Being nice is a noble gesture for all

I want to challenge all of us to be nicer people. A few decades ago every rancher would help his neighbor work calves and that person would return the favor.

We sometimes come together in a catastrophe but normally we are too busy or too involved with ourselves. It has become a “me” world. I have been going to a Pentecostal church where they are Blacks, whites, Mexicans and others and no dissention at all. There is a large group that wants to divide America. Figure out who those people and organizations are and stay away from them. Some of them are becoming more rich the more they divide America.

A few years ago everyone I knew respected the flag and prayer. Now we have certain people who kneel when they play the national anthem. Maybe they should visit with some that come back after serving in the military that have legs amputated or scars mentally that are hard to heal. We are so lucky to live in America and have the freedoms we have and others so spoiled they want to destroy it all.

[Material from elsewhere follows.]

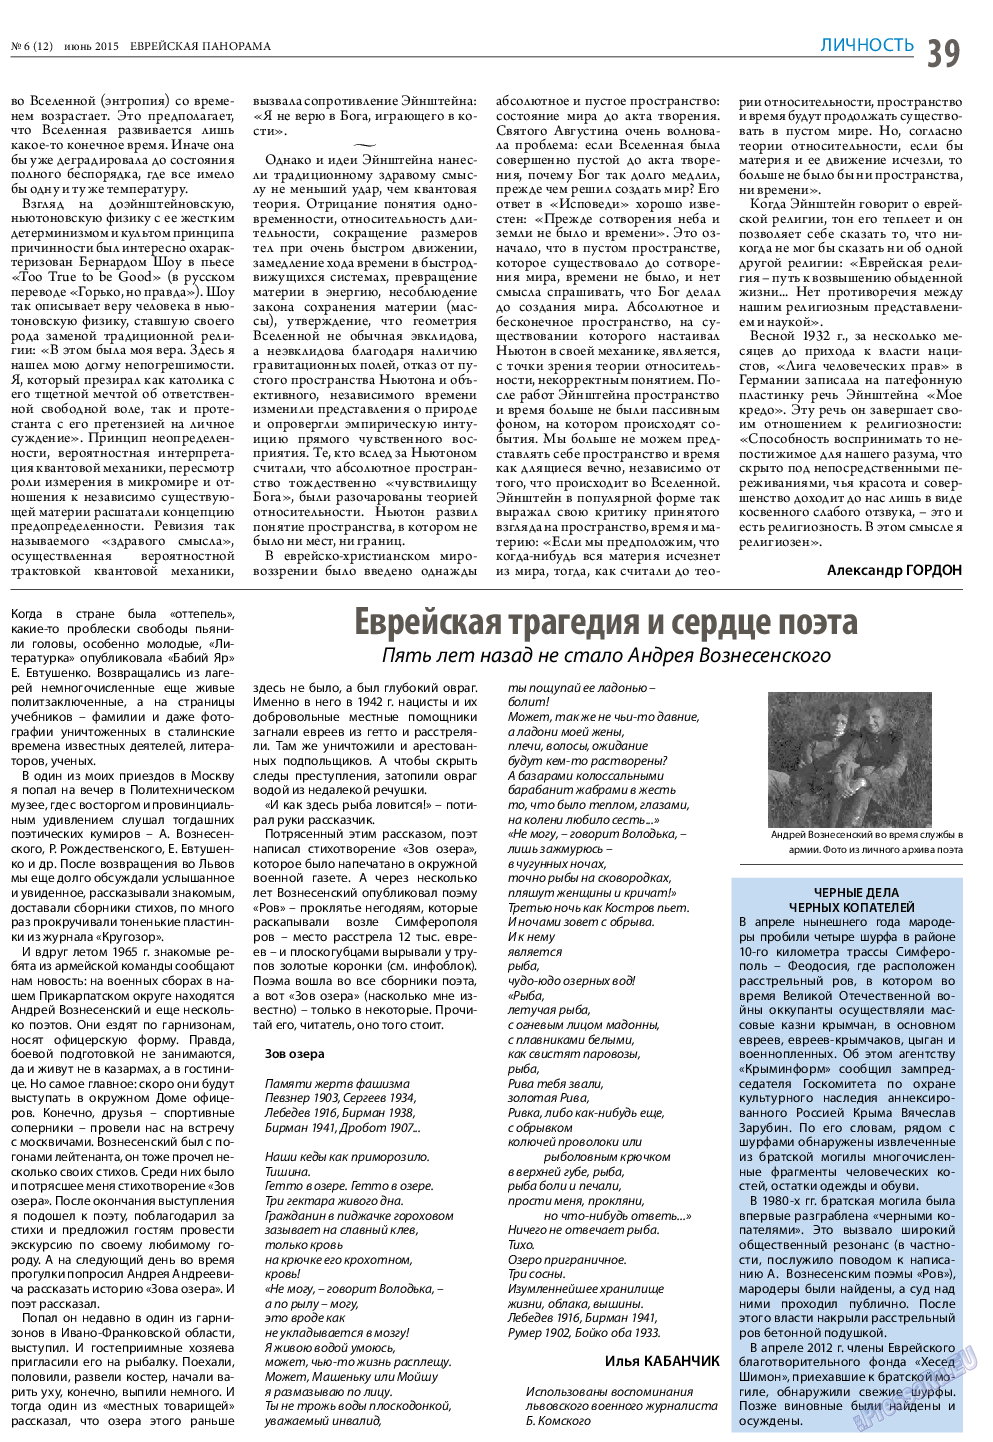 Еврейская панорама, газета. 2015 №6 стр.39
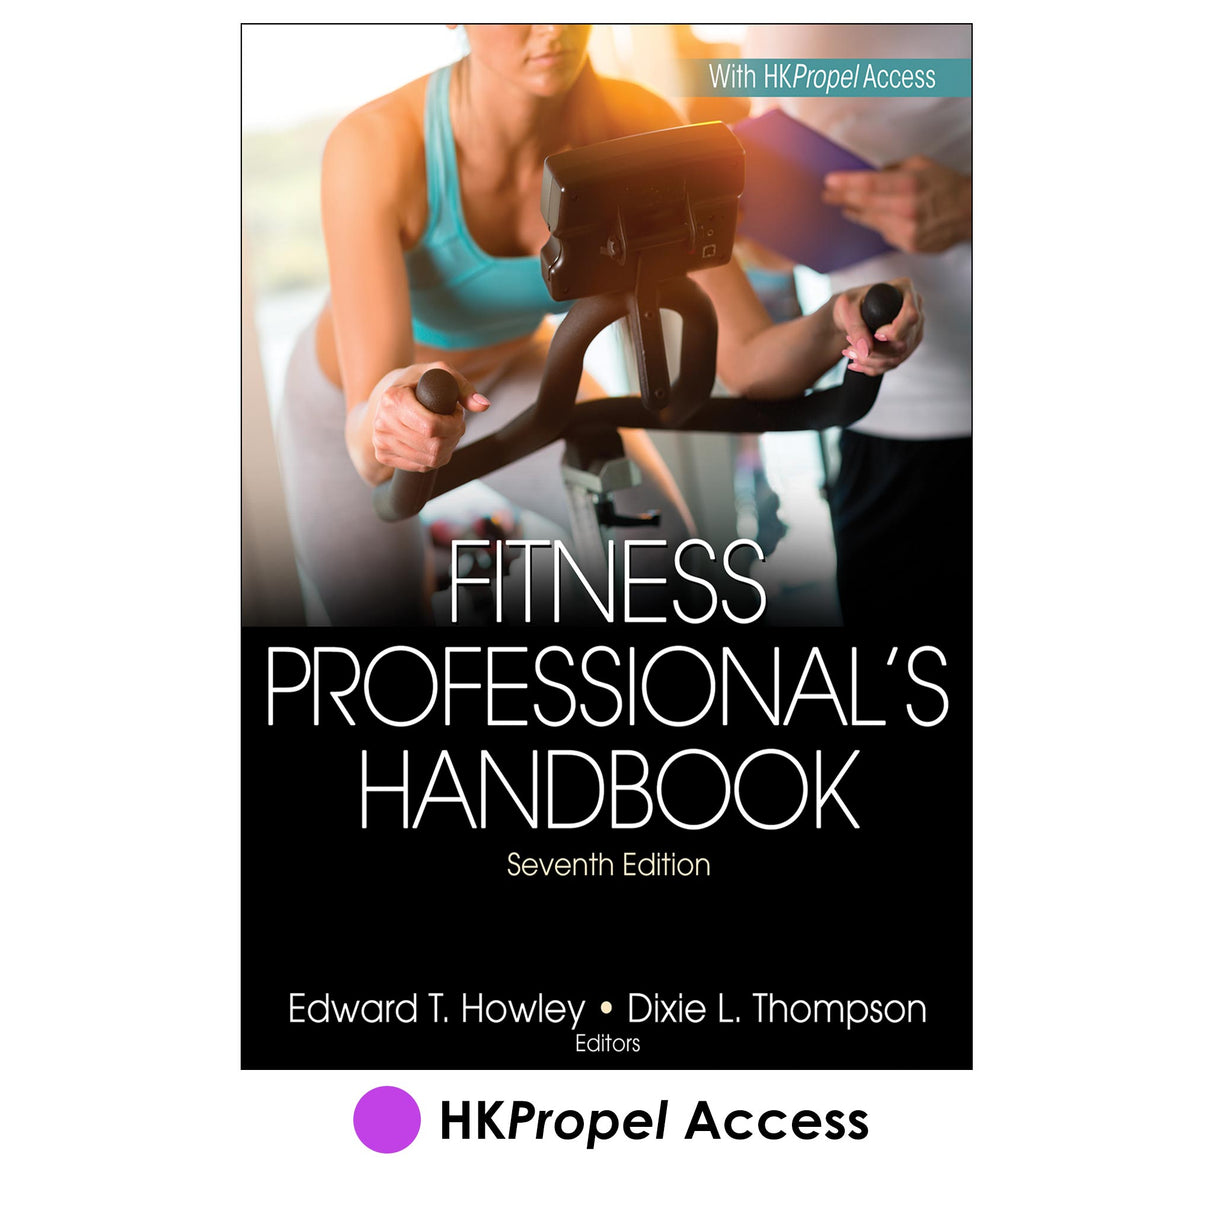 Fitness Professional's Handbook 7th Edition HKPropel Access

The cow killing market was extremely good today selling one cow for $91 per hundredweight and most of our fleshy cows in the low- to mid-$80s.

Don’t give up on a better America and don’t give up on a better cattle market where the packer hopefully some day will have to pay what our cattle are worth instead of what they want to pay.

At Dodge City, Kansas, High Plains Journal hosted Cattle U and Trade Show conference. I thought there was some very useful information there. One young couple told us very helpful ways of putting different things on Facebook and other social media that would catch the eye of a city person such as a little kid feeding a calf or even a dog in the picture then after you got their attention you can tell them about how we handle cattle with care and produce a very safe and great product, which is beef.

Two little boys were at a wedding when one asked the other, “How many wives can a man have?” The other boy said, “16—four better, four worse, four richer and four poorer.”

Another man I told that to said, “If he’s got 16 wives, he will definitely be poorer.”

After I got married, on our second anniversary I sent flowers to my wife. I told the florist to write, “Happy anniversary—Year number 2” on the card. When she got home she was not a happy woman. She said, “I appreciated the flowers but I wasn’t exactly pleased with the card that said—Happy Anniversary. You’re number 2.”

Editor’s note: Jerry Nine, Woodward, Oklahoma, is a lifetime cattleman who grew up on his family’s ranch near Slapout, Oklahoma.